Rivera Garza: Seit mir meine Schwester genommen
wurde, besteht ein nicht abreißender Gesprächsfaden zwischen uns. Sie ist zu
einem unterirdischen Fluss in meinem Leben geworden. Oft wird über
Trauer als Verlust gesprochen. Ich bin jedoch an einer anderen Art der Trauer
interessiert: Trauer bedeutet für mich, ein aktives Gespräch mit dem verstorbenen Menschen zu führen und ihn dadurch zurückzuholen. Manchmal sagen die
Leute: „Komm darüber hinweg, beende die Trauer, mach weiter mit deinem Leben.“ Solche
Aussagen machen mich verrückt. Wer würde schon ein solches Gespräch beenden
wollen? Wer würde eine Person loslassen wollen, die Gutes in dein Leben bringt?

ZEIT: Ihr Buch erscheint nun in Deutschland, wo
Gewalt gegen Frauen zunimmt, aber Femizide bis heute nicht – wie etwa in Mexiko
– als eigenständiger Strafbestand erfasst werden
. Was kann Deutschland im Kampf
gegen Gewalt an Frauen von Mexiko lernen?

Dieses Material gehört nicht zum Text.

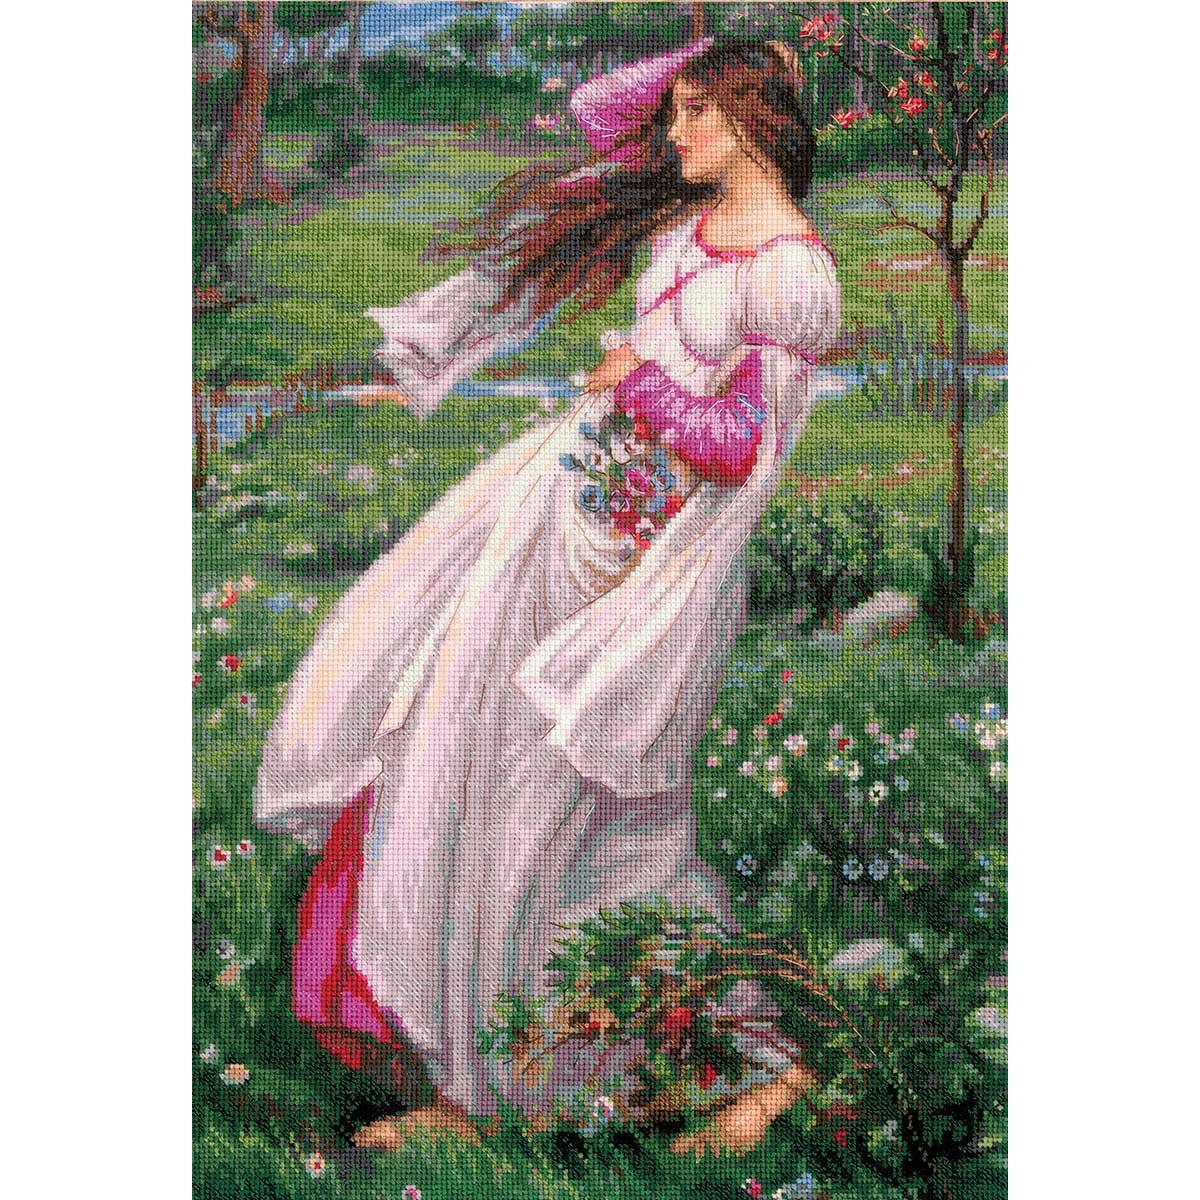 100/055 Частичная вышивка Риолис 'Ветреницы' по мотивам картины Д.У. Уотерхауса' 30*45см

Rivera Garza: Ich war sehr überrascht, als das Buch auf
Englisch erschienen ist. Die Diskussion über Femizide ist in der
englischsprachigen Welt viel weniger präsent als in der spanischsprachigen,
insbesondere in Lateinamerika. Und das nicht, weil es dort weniger Gewalt gäbe,
die Zahlen sind überall auf der Welt schrecklich. Gewalt gegen Frauen ist ein
globales Phänomen
. Ich habe in den vergangenen anderthalb Jahren in Berlin
gelebt, und natürlich gibt es hier Feministinnen und Aktivistinnen, die darüber
sprechen. Aber das Thema steht nicht im Mittelpunkt der öffentlichen Debatte,
so wie es eigentlich sein sollte. Ich hoffe, dass Liliana dieses Gespräch
anregen kann und Aufmerksamkeit dafür schafft, dass Gewalt gegen Frauen nicht
nur in fernen Ländern, sondern überall auf der Welt existiert.

Mehr lesen
by Author
Wofür man den griechischen Göttern ja dankbar sein muss: Welchen Horror das…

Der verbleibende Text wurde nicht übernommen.